MarketControl betsxg=0.2 betsChange
SIDES64,13777,861+21% more
UNDERS46,62732,312**-31% fewer**
OVERS14,56331,027**+113% more**
AH17,97117,454flat

Control fires 3.2x more UNDERS than OVERS. With xgWeight=0.2, the ratio is nearly 1:1.

What's happening: without xG, the solver sees a team that won 1-0 as "good defense, mediocre attack." With xG, it sees "1-0 but their xG was 2.4 — this team is actually scoring below expectation." That shifts ratings toward what the team *should* be producing, not what they happened to produce. The downstream bet selection flips from Under (regression to low scoring) to Over (regression to high xG process).

Those newly-created Over bets carry +14.65% CLV. The displaced Under bets were at +12.61%. The xG signal isn't just finding more edge — it's finding it in a *better* place.

The Nuance

ROI is negative across all treatments (-3.6% to -5.7%). This is measuring against Pinnacle closing odds — the sharpest benchmark available. Negative ROI at Pinnacle is expected and unremarkable. Our earlier BetExplorer validation showed +20.1pp ROI premium at soft books (bet365, BetMGM, Stake) on the exact same model with the exact same bets. The CLV metric is what determines model quality; ROI is a function of execution venue.

The monotonic curve invites going higher. xgWeight=0.2 > 0.1 > 0.05 > 0 with no sign of flattening. Should we test 0.3 or 0.4? Probably — but with diminishing practical returns. The jump from 0 to 0.2 on OVERS CLV is +3.99pp. A hypothetical 0.2 to 0.4 jump, even if the curve stays linear, would be another ~4pp — meaningful but not transformational. We'll test it, but xg=0.2 is ready to deploy now.

26 leagues, not 6. Previous xG work was limited to Big 5 leagues (Understat coverage). This test runs across all 26 leagues, including ones where xG data comes from FotMob shot scraping and FootyStats aggregates. The signal helps everywhere — the +1.18pp SIDES lift includes non-Big-5 leagues where xG data quality is lower. Better xG data → bigger lift is a testable follow-up.

What We're Deploying

xgWeight=0.2 goes into production solver config. Every league's walk-forward solver re-calibration now includes 20% weight on xG performance.
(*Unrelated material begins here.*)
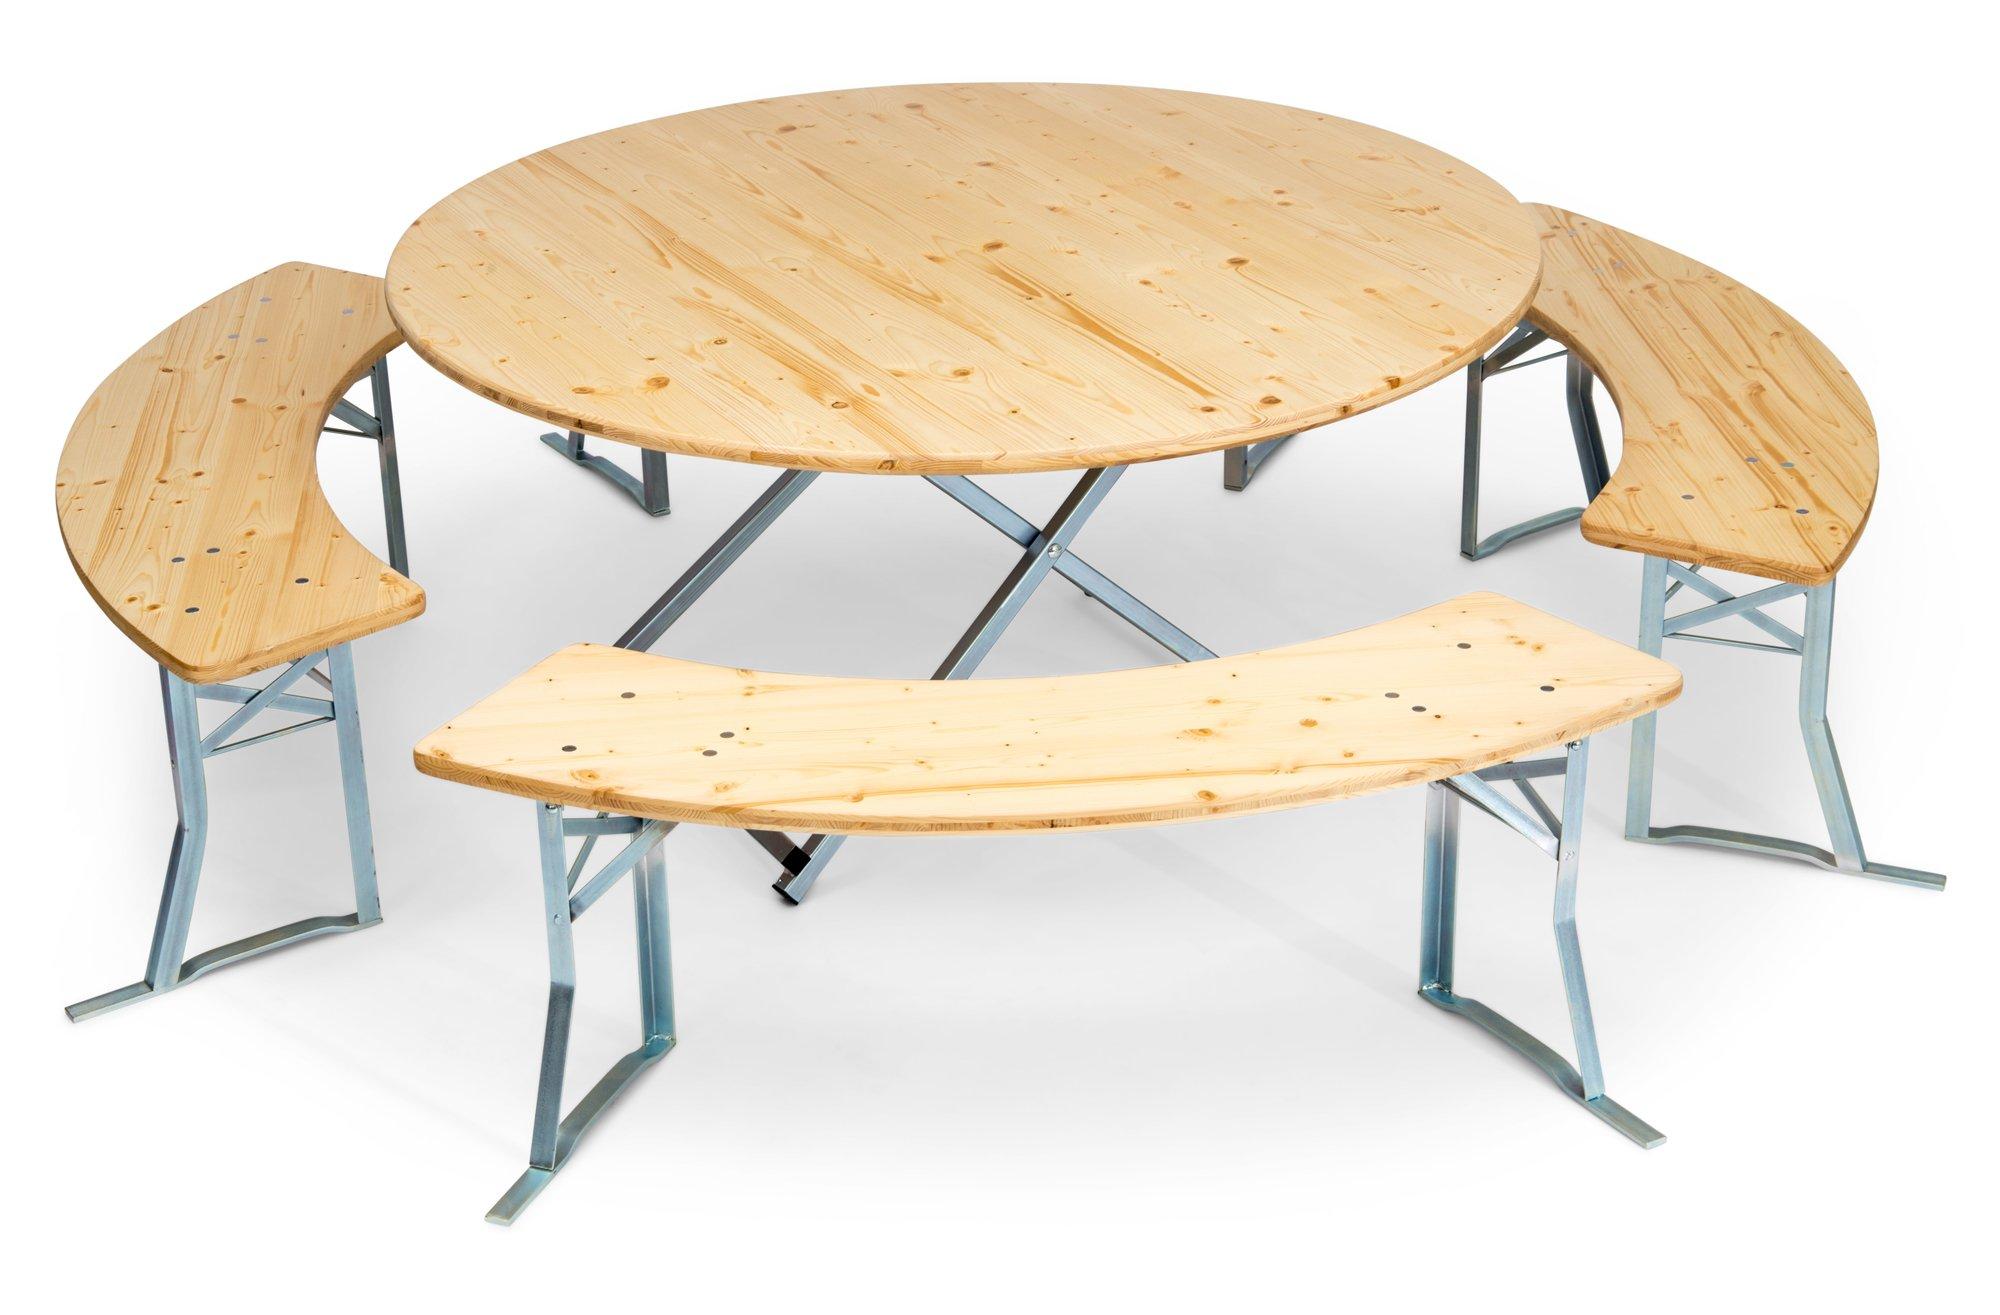 bierzeltgarnitur 80 cm breit wb23 kyushucon. Black Bedroom Furniture Sets. Home Design Ideas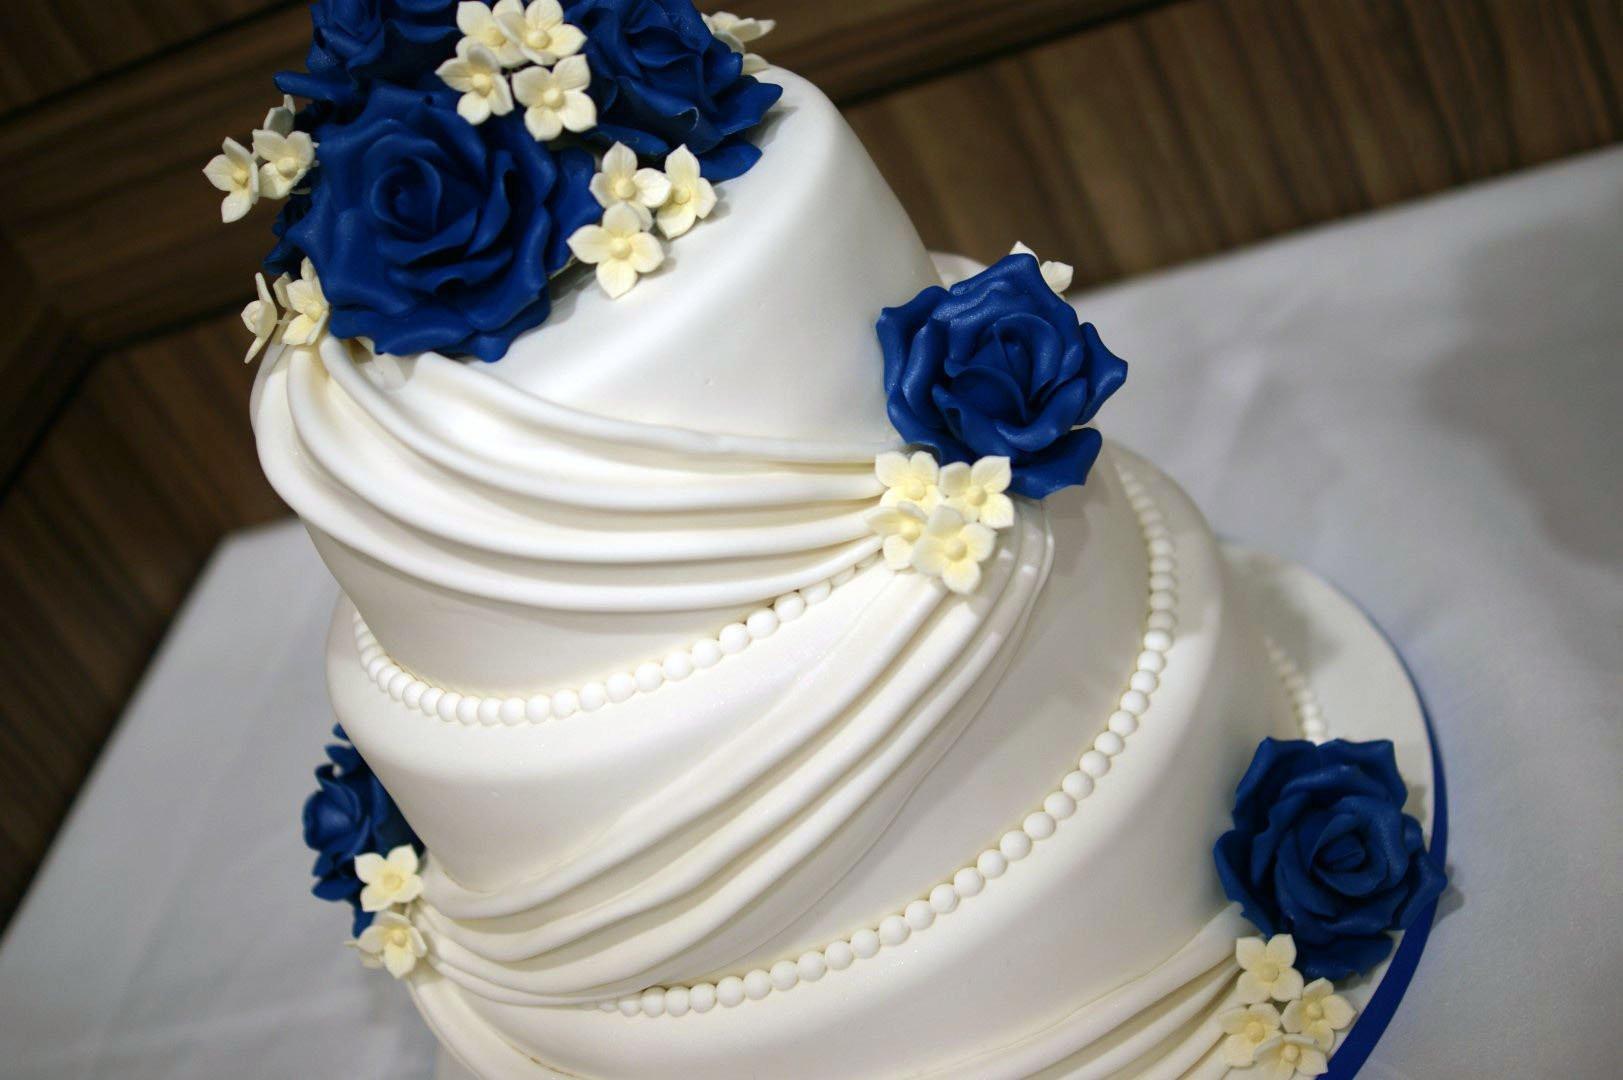 Wedding Cakes Three Tier  Three tier wedding cake recipe idea in 2017

The change affects:

  • lib/mi-model/solver.ts — solver config default
  • data/mi-params/latest/*.json — live ratings (will shift on next solve)
  • /picks page — bet selections will shift toward more OVERS, fewer UNDERS, more SIDES edge

No disruption to paper trading — existing bets keep their original odds and edge. New bets from the updated solver will carry the higher CLV.

Infrastructure Note

This test required ~60,000 walk-forward solver snapshots across 4 treatments and 26 leagues. We ran into every failure mode a distributed compute system can produce: OOM cascades taking down production, auto-restart loops amplifying crashes, stale code on remote VMs, solver-cache key mismatches from data updates, and result files deleted by git clean operations.

The cloud-lab guardian system — a version-controlled roadmap + submit-time validator + auto-advance ticker — kept the work on track once we stopped trying to run heavy jobs on the production host. Full retro in docs/specs/compute-host-isolation-spec.md.